=== EXERCISE INSTRUCTIONS ===
Through the line that contains "Michael Kors \N", return the data below exactly, starting at its first line; leave the rest out.

RECORDS SUPPLIED Start Marker

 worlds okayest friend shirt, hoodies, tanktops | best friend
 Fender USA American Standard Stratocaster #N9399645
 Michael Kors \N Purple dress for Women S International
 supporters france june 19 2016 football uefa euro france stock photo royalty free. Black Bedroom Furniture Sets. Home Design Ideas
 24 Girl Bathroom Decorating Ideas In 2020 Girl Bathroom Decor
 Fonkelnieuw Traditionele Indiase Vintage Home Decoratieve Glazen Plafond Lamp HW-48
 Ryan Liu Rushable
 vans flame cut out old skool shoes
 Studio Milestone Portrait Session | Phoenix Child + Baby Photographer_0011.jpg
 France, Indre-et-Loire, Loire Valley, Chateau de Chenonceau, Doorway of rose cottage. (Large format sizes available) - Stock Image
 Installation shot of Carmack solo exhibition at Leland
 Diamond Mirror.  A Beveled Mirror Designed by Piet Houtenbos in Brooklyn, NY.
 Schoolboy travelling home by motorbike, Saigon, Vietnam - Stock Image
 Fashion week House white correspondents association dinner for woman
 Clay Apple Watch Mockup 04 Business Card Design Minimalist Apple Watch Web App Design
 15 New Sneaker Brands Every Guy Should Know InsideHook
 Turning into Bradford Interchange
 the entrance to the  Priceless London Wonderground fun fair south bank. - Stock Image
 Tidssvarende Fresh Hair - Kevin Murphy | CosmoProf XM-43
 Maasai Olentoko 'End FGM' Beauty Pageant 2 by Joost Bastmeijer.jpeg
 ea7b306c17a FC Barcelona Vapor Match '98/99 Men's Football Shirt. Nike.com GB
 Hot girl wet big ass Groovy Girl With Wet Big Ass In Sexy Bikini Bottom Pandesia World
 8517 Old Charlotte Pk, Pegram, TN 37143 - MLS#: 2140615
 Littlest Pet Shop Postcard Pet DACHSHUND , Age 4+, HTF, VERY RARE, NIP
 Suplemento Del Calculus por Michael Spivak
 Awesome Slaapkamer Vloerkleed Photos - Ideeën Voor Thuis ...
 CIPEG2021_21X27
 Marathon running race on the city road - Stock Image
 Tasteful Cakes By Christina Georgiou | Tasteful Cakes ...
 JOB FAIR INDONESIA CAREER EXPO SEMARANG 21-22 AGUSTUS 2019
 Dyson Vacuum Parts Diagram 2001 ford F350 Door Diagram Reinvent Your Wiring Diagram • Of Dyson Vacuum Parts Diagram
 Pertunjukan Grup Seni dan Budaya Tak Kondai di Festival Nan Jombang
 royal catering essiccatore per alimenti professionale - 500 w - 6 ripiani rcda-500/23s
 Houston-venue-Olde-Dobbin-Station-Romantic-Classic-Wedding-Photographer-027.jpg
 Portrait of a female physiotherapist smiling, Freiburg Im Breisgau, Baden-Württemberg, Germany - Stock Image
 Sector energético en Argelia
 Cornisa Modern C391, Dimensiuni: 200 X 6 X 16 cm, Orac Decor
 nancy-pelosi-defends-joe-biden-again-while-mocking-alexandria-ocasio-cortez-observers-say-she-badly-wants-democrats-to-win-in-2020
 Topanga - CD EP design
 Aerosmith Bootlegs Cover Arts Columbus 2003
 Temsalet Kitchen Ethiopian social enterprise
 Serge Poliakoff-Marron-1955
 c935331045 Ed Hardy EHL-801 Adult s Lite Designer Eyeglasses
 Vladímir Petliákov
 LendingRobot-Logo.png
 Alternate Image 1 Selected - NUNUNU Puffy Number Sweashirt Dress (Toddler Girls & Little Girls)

RECORDS SUPPLIED End Marker

=== COMPLETED TASK ===
 worlds okayest friend shirt, hoodies, tanktops | best friend
 Fender USA American Standard Stratocaster #N9399645
 Michael Kors \N Purple dress for Women S International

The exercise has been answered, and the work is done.